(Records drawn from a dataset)
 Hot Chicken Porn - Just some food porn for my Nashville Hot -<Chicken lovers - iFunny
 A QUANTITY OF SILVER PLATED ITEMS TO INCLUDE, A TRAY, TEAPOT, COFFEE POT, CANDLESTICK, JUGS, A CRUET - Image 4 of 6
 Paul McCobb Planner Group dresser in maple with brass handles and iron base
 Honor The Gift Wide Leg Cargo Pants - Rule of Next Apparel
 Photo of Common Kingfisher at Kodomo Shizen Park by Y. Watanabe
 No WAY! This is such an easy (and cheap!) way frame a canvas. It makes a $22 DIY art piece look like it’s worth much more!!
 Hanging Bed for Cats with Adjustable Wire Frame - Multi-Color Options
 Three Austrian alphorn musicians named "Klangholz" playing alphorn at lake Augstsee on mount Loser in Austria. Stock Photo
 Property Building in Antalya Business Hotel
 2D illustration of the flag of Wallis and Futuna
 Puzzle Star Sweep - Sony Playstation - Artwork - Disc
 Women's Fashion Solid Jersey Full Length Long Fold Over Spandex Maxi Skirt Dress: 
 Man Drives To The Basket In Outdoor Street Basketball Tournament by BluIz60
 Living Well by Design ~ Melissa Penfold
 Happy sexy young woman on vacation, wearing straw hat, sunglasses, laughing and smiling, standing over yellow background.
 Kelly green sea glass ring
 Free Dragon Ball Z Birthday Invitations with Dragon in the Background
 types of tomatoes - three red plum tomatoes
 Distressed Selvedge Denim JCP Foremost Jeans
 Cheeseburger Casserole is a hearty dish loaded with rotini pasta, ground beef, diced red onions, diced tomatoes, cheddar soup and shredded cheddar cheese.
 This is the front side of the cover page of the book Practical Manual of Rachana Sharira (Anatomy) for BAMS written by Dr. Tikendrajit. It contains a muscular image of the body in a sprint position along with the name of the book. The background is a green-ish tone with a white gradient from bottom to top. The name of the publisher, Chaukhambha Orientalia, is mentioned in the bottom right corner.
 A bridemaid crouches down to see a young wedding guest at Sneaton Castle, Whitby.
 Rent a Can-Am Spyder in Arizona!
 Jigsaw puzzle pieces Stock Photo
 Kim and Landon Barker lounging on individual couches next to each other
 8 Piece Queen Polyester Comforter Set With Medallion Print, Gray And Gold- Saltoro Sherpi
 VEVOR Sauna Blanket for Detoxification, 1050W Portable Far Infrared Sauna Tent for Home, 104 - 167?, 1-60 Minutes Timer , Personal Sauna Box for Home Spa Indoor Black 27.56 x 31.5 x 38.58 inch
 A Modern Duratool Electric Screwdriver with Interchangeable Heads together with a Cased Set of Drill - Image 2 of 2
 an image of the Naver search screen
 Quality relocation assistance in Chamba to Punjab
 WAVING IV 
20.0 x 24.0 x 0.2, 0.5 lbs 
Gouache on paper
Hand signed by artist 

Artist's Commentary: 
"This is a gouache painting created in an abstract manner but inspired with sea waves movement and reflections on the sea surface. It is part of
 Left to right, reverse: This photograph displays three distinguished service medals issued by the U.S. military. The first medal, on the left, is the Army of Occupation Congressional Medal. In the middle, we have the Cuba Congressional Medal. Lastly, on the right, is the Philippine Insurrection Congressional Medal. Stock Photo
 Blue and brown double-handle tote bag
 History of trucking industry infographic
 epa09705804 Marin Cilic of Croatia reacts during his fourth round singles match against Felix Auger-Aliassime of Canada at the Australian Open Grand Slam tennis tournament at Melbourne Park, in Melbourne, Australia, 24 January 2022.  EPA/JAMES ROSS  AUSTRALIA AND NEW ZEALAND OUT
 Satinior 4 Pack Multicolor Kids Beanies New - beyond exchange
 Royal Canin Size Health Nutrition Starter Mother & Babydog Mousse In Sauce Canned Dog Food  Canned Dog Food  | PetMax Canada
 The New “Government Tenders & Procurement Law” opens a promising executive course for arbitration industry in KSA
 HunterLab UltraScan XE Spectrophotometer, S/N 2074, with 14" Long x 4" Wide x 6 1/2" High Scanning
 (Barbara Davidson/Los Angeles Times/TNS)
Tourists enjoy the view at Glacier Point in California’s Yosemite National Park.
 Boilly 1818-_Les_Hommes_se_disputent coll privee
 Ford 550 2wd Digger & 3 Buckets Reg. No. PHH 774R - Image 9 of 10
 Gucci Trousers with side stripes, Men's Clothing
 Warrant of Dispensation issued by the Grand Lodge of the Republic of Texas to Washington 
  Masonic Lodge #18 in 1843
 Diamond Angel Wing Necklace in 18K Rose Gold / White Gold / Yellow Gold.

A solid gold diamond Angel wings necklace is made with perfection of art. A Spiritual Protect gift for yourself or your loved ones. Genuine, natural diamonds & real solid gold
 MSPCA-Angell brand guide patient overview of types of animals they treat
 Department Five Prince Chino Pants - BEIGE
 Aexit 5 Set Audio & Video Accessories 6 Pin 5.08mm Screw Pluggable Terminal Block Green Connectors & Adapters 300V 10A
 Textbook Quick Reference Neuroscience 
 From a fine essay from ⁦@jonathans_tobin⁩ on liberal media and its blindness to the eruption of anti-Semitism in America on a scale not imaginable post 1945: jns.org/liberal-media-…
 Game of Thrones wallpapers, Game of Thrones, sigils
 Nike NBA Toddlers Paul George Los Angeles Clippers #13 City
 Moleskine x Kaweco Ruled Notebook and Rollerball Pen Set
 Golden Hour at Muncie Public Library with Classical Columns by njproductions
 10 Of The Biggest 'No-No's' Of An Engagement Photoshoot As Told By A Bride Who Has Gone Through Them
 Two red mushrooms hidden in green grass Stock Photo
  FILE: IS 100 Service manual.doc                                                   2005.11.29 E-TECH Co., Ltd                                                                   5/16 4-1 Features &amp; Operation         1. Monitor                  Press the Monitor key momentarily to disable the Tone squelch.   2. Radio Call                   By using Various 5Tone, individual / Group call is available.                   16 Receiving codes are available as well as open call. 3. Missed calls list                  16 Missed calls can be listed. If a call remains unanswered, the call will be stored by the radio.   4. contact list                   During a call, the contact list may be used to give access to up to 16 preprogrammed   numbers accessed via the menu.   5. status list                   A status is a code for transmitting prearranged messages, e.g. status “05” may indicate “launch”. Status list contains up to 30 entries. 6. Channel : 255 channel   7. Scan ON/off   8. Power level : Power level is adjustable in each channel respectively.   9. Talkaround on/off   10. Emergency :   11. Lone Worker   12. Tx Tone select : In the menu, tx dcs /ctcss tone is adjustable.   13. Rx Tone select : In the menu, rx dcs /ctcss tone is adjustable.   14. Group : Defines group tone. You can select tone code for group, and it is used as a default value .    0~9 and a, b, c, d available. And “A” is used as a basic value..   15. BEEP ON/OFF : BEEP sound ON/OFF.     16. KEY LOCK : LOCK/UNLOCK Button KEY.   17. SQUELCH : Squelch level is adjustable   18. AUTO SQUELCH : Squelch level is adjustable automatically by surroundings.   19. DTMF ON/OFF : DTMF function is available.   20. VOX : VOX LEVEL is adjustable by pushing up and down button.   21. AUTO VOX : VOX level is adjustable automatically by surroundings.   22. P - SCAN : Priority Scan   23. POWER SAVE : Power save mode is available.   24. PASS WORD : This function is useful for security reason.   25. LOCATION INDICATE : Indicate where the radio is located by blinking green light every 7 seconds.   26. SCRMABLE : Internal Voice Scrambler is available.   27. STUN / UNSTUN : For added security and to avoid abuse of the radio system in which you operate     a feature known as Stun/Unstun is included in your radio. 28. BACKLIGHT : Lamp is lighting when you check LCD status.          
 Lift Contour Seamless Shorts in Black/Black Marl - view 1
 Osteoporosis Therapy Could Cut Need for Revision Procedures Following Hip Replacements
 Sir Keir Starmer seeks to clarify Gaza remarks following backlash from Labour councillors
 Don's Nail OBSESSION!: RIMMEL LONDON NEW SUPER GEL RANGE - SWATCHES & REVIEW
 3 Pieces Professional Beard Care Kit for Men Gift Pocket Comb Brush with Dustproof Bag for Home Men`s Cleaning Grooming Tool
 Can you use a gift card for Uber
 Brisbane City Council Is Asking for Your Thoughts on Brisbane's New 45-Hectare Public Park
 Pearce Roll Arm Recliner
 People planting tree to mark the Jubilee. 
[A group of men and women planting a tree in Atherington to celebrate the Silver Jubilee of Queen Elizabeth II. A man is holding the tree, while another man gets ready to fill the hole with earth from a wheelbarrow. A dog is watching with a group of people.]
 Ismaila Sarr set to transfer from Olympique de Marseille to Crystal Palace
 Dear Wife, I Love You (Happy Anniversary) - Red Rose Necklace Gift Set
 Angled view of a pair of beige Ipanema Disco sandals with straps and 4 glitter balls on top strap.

> _THE TASK_: Give back the entries above exactly as they are, from their first line through the line that contains "Honor The Gift", both included, with nothing else.

> _OUTPUT OF THE EXERCISE_:
 Hot Chicken Porn - Just some food porn for my Nashville Hot -<Chicken lovers - iFunny
 A QUANTITY OF SILVER PLATED ITEMS TO INCLUDE, A TRAY, TEAPOT, COFFEE POT, CANDLESTICK, JUGS, A CRUET - Image 4 of 6
 Paul McCobb Planner Group dresser in maple with brass handles and iron base
 Honor The Gift Wide Leg Cargo Pants - Rule of Next Apparel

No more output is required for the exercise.